Chancellor George Osborne has announced that insurance premium tax (IPT) will increase by 0.5% to a rate of 10%.
This is the second increase to IPT in less than nine months.
The change will come into effect from 1st October 2016, according to Budget documents.
Osborne said:"I am going to increase the standard rate of Insurance Premium Tax by just half a percentage point - and commit all the extra money we raise to flood defence spending.
"That's a £700 million boost to our resilience and flood defences."
To explain the initial increase, the Chancellor said this increase would bring the UK in line with the rest of Europe.
Changes to IPT affected 3 million private medical insurance and cash plan policies but does not affect protection insurance.
The ABI estimated that the 1st November 2015 increase likely added more than £40 to average private medical insurance premiums. The combined increase will add £78 to policies on average.
AXA PPP previously described the increase as a "retrograde measure" to health and wellbeing.
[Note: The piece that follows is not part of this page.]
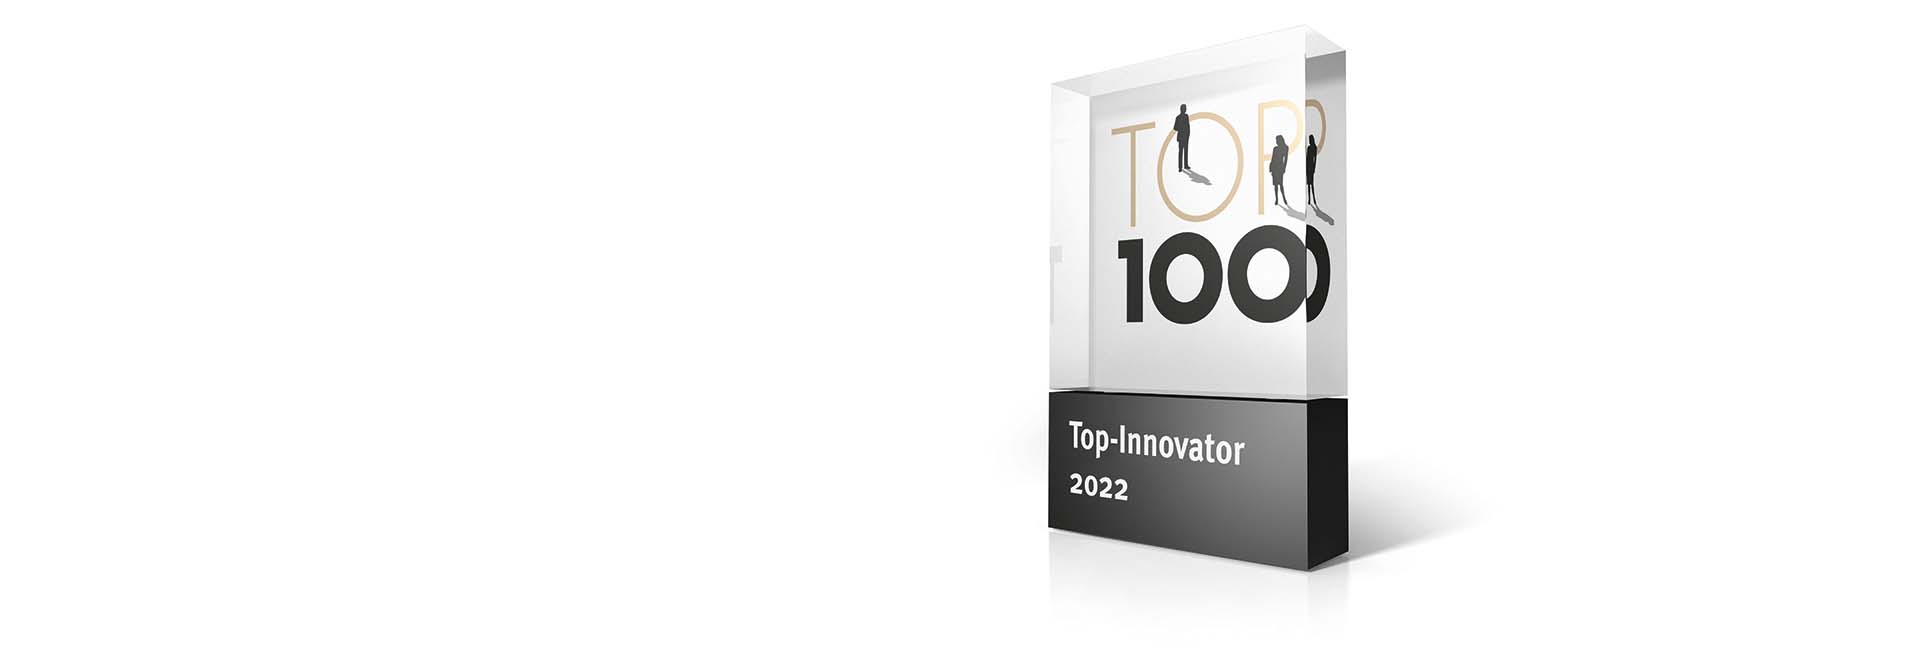 A Erwin Junker Maschinenfabrik GmbH recebe o selo TOP 100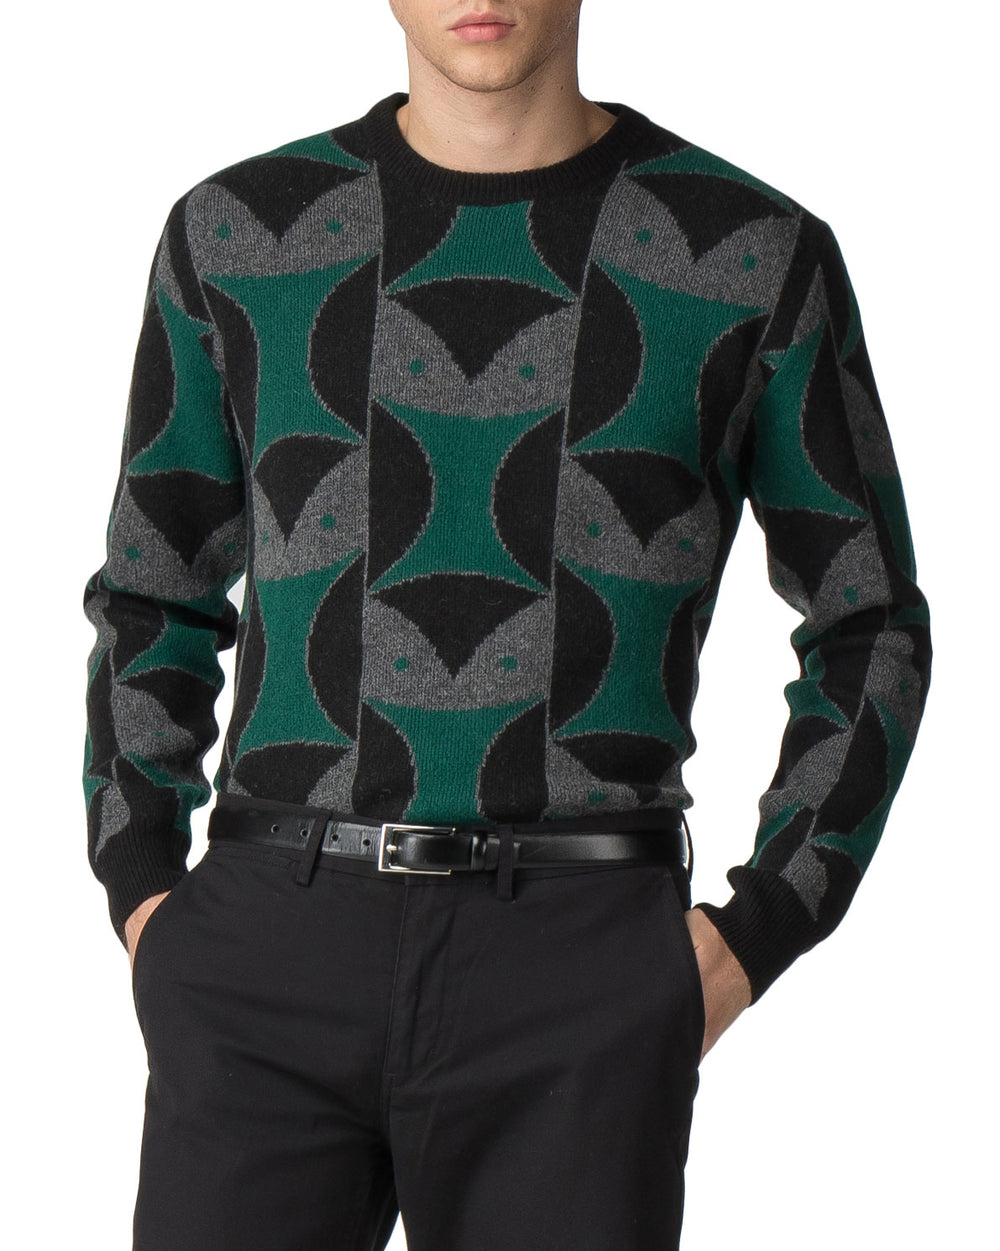 Owl Jacquard Sweater - Black

Prior to the Budget announcement, James Dalton, director of general insurance policy at the ABI said: "Another increase in Insurance Premium Tax would be a raid on the responsible that laser targets those who do the right thing.
"It will hit those on low incomes and increase the risk that some people reduce their cover or stop insuring altogether."
Mike Stalley, chief executive of, FiscalReps said: "In the grand scheme of things the revenue generated from IPT is small; just under £3bn in the year 2014/15, out of a total government tax collection of £515bn; accounting for around half of one percent of all taxes collected by HMRC."
He also said: "Insurance premium tax is relatively easy to collect and enforce, and as this latest increase may add an additional £1bn to the overall tax revenues generated by HMRC, then it would appear to be an obvious move for the Chancellor to make.
"Although this does increase the rate standard of IPT to above the European average, consider this; insurance premium tax rates in Germany, Italy and the Netherlands and the higher rate of IPT in the UK are all significantly higher. There may still be more scope for future increases."